_ABOUT THIS TASK_: Please repeat the lines below, exactly and only, from the one that holds "Premium velvet wrap dress, £59.99, Mango" through the one that holds "929001180640, Philips Hue Hub".

INPUT: Begin

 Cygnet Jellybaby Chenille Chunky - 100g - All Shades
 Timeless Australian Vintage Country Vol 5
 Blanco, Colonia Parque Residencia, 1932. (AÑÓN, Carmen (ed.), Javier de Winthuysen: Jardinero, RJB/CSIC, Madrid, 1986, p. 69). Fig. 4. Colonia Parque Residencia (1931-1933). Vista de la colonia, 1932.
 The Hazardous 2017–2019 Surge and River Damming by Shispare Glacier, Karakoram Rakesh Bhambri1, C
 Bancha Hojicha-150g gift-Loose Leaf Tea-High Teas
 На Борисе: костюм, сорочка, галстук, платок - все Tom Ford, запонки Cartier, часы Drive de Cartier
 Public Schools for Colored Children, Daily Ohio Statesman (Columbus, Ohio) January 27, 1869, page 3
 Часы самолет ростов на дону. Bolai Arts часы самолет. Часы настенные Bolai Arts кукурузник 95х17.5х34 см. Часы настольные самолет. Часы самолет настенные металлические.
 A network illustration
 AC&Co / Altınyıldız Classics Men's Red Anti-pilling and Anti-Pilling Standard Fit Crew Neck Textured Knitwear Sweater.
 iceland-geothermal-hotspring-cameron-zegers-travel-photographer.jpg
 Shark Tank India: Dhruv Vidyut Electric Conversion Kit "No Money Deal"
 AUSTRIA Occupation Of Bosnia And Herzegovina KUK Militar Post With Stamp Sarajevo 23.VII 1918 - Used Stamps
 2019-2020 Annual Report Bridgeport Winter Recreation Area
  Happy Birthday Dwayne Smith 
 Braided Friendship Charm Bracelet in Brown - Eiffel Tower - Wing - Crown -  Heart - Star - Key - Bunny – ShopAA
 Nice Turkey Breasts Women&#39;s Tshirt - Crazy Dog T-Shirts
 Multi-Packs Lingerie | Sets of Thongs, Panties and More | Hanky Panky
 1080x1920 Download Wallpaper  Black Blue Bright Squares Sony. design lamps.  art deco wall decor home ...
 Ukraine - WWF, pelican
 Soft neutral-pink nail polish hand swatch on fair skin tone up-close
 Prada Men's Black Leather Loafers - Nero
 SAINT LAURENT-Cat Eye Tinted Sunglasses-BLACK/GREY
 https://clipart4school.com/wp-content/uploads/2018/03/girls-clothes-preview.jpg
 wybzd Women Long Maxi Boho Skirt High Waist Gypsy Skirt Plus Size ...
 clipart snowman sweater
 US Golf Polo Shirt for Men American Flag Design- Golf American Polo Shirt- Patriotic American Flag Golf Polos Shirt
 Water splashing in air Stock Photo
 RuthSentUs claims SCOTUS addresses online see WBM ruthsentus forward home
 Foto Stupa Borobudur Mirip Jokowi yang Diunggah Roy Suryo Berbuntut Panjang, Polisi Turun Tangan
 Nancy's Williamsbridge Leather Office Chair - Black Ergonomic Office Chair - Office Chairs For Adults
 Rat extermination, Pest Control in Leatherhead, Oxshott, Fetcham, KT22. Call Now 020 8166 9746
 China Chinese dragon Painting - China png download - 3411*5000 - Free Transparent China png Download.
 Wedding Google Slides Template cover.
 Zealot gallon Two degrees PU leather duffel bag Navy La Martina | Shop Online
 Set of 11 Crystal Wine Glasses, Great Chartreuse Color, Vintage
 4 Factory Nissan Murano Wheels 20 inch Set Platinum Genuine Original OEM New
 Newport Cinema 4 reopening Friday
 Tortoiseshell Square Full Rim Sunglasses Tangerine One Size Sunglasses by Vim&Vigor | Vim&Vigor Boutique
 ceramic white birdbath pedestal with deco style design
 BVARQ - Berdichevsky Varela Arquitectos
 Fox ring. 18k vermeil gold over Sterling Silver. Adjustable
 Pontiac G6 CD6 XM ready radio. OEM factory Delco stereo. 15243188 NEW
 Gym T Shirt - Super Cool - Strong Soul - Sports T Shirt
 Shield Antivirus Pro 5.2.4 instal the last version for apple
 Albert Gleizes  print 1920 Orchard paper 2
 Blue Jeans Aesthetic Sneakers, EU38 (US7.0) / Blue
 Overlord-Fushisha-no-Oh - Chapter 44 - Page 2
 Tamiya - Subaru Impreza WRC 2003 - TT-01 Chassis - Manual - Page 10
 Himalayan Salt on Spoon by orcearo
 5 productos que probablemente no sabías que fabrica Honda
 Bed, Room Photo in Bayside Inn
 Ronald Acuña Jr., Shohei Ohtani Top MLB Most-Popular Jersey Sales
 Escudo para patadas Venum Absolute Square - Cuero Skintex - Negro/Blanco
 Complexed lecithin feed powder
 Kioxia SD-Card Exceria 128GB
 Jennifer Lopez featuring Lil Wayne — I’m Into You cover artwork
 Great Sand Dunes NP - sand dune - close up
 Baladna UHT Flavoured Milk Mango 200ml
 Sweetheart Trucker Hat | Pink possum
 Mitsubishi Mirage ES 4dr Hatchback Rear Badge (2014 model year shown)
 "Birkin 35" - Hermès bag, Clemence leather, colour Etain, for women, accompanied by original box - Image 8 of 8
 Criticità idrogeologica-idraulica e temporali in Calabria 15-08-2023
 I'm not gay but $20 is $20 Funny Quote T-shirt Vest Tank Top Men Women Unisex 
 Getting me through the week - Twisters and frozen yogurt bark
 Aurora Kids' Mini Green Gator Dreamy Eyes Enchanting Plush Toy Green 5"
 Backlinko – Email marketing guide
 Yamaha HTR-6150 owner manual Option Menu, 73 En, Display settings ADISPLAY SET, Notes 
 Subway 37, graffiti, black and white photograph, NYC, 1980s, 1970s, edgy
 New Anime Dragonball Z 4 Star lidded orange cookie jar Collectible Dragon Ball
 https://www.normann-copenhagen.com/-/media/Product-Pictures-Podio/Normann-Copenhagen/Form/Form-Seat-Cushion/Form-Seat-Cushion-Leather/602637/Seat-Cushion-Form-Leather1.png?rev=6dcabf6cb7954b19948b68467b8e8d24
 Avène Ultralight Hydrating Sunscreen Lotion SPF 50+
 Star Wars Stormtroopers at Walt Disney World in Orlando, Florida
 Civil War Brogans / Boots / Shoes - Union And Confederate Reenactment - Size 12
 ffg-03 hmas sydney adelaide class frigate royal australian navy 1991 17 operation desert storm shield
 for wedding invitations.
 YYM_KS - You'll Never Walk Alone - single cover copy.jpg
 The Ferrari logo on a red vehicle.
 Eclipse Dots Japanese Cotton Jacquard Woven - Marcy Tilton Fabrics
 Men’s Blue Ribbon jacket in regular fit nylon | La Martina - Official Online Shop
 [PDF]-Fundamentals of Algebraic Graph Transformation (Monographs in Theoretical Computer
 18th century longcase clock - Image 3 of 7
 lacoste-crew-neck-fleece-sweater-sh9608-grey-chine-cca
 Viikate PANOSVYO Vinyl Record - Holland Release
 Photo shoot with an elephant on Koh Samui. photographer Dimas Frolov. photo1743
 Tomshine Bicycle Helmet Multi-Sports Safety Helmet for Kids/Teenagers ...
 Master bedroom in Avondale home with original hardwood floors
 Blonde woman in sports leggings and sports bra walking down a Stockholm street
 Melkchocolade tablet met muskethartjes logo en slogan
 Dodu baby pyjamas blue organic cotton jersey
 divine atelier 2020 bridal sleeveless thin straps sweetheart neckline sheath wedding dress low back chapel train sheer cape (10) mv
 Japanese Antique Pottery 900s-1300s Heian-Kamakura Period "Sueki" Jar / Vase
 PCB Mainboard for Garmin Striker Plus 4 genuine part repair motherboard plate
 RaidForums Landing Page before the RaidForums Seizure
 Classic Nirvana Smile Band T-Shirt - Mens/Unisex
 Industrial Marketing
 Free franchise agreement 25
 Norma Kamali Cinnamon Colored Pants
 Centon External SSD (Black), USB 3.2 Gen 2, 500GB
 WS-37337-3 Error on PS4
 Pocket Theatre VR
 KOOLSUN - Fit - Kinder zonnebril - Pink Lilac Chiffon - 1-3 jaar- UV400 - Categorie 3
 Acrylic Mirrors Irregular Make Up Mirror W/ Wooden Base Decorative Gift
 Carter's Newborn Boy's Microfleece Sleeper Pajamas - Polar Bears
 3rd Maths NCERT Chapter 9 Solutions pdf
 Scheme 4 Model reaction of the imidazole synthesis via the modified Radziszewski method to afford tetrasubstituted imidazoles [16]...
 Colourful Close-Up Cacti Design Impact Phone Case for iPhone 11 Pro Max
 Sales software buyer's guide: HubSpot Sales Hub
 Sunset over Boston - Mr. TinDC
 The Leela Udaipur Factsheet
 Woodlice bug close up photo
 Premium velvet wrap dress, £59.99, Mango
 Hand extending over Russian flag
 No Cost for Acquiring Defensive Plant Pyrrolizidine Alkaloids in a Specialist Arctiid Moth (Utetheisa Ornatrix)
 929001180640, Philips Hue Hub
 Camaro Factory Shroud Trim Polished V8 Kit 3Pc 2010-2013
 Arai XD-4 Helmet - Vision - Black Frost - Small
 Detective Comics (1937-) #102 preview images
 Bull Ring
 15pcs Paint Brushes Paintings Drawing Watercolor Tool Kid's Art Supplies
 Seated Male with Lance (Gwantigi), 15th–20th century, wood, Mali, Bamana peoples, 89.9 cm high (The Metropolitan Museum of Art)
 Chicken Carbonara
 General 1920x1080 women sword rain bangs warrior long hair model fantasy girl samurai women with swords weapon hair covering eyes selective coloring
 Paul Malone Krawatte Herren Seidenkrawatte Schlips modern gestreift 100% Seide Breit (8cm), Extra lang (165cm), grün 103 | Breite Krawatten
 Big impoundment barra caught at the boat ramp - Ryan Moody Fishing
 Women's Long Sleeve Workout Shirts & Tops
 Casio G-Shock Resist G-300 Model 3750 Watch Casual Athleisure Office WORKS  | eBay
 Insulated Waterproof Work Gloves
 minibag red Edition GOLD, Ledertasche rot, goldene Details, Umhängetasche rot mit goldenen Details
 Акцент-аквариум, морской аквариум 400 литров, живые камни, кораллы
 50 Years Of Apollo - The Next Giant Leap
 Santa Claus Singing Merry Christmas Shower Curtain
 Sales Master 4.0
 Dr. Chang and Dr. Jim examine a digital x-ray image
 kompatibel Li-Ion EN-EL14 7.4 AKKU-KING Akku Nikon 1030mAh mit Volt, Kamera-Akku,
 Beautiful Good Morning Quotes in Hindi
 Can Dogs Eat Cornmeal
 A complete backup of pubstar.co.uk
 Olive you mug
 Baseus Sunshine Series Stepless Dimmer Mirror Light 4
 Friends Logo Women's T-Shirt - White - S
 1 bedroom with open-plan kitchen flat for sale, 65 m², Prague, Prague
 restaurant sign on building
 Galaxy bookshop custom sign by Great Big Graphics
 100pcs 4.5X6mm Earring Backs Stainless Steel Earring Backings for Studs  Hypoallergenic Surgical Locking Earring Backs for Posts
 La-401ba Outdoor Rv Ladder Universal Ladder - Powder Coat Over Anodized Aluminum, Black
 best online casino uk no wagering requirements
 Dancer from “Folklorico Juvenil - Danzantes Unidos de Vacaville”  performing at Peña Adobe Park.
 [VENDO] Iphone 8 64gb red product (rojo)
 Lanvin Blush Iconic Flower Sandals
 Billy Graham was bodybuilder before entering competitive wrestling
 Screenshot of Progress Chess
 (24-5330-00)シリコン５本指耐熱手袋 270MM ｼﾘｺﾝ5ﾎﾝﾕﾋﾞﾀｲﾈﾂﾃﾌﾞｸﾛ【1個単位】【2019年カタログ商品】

INPUT: End

_SOLUTION TO THIS TASK_:
 Premium velvet wrap dress, £59.99, Mango
 Hand extending over Russian flag
 No Cost for Acquiring Defensive Plant Pyrrolizidine Alkaloids in a Specialist Arctiid Moth (Utetheisa Ornatrix)
 929001180640, Philips Hue Hub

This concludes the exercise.